Using 2 components retains very little variance **(2.24%)**, which explains the significant drop in model performance after PCA

## 3 components

In [32]:
PCA3 = PCA(n_components=3)
x_train_pca3 = PCA3.fit_transform(x_train_sc)
x_test_pca3 = PCA3.transform(x_test_sc)

In [33]:
RFC_PCA3 = RandomForestClassifier(n_estimators=100, random_state=67)
RFC_PCA3.fit(x_train_pca3, y_train)

y_pred_pca3 = RFC_PCA3.predict(x_test_pca3)
acc_pca3 = accuracy_score(y_test, y_pred_pca3)

print("Accuracy with PCA (3 components):", acc_pca3)
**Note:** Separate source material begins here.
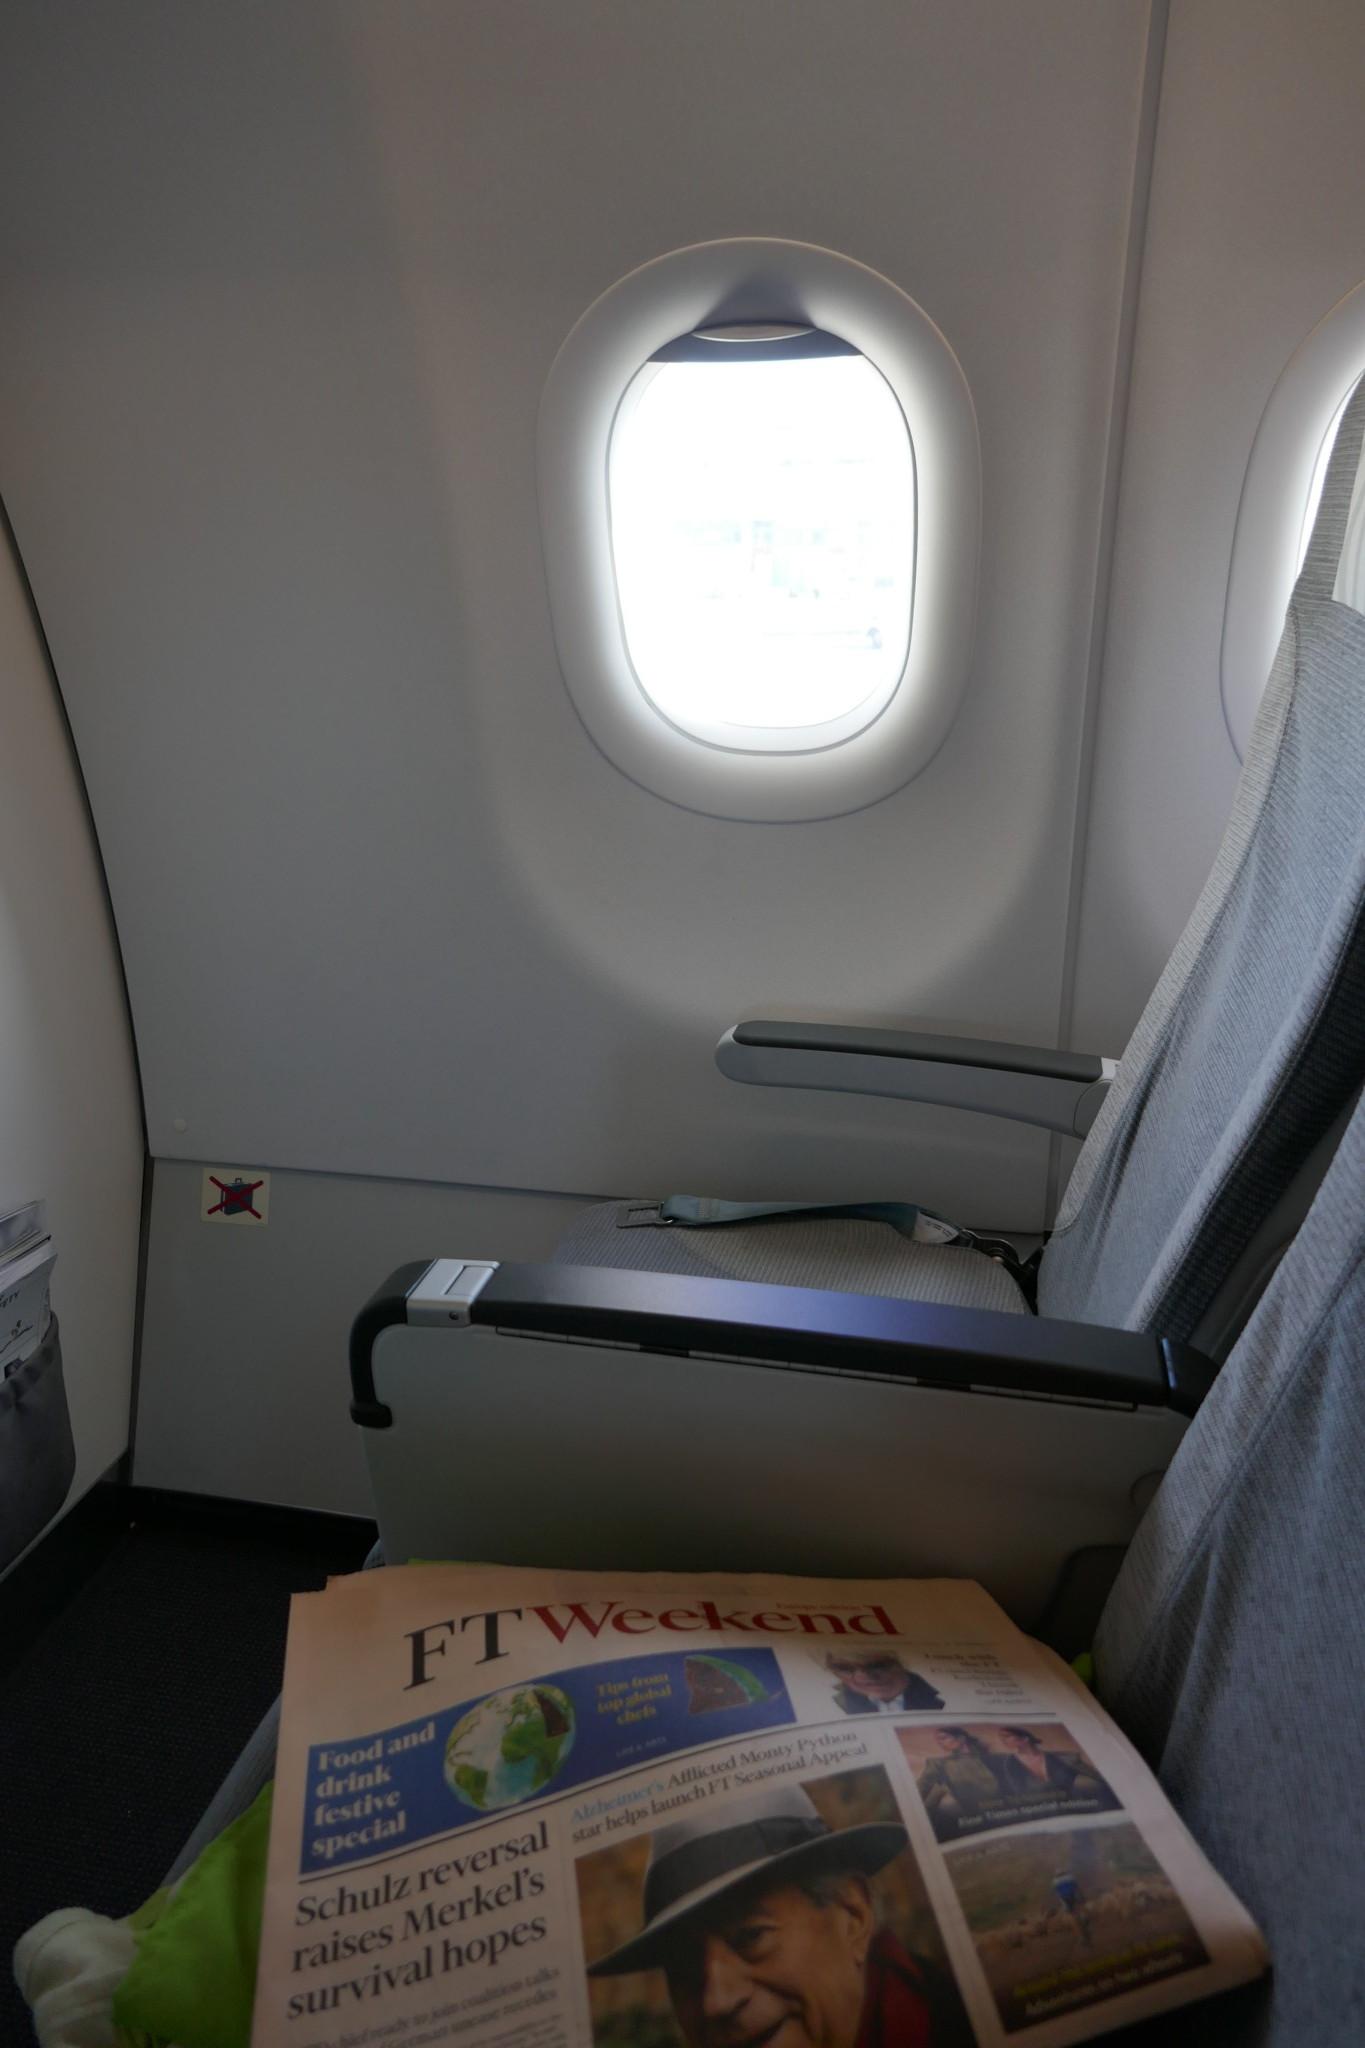 Finnair A320 Business Class bulkhead seat

Accuracy with PCA (3 components): 0.7011091652072388


In [34]:
print("\nExplained Variance Ratio (3 components):",
      pca3.explained_variance_ratio_)
print("Total Variance Retained (3 components):",
      np.sum(pca3.explained_variance_ratio_))


Explained Variance Ratio (3 components): [0.72551423 0.23000922 0.03960774]
Total Variance Retained (3 components): 0.9951311833787948


Using 3 principal components retained only **2.98%** of the total variance, which is insufficient to represent the dataset effectively.

This significant information loss led to reduced classification accuracy after applying PCA.

## 4 components

In [35]:
PCA4 = PCA(n_components=4)
x_train_pca4 = PCA4.fit_transform(x_train_sc)
x_test_pca4 = PCA4.transform(x_test_sc)

In [36]:
RFC_PCA4 = RandomForestClassifier(n_estimators=100, random_state=67)
RFC_PCA4.fit(x_train_pca4, y_train)

y_pred_pca4 = RFC_PCA4.predict(x_test_pca4)
acc_pca4 = accuracy_score(y_test, y_pred_pca4)

print("Accuracy with PCA (4 components):", acc_pca4)

Accuracy with PCA (4 components): 0.7139521307647402


# Results & Analysis

In [37]:
print("Accuracy without PCA:", acc_raw)
print("Accuracy with PCA (2):", acc_pca2)
print("Accuracy with PCA (3):", acc_pca3)
print("Accuracy with PCA (4):", acc_pca4)

Accuracy without PCA: 0.8061879743140689
Accuracy with PCA (2): 0.6935201401050788
Accuracy with PCA (3): 0.7011091652072388
Accuracy with PCA (4): 0.7139521307647402


# Conclusion
- Accuracy without PCA: 80.62% (best performance).

- Using 2–4 components reduced accuracy (69–71%), showing information loss.

- Fewer components improve efficiency but hurt performance.

PCA reduces dimensionality, but too few components significantly decrease accuracy for the Taxi dataset.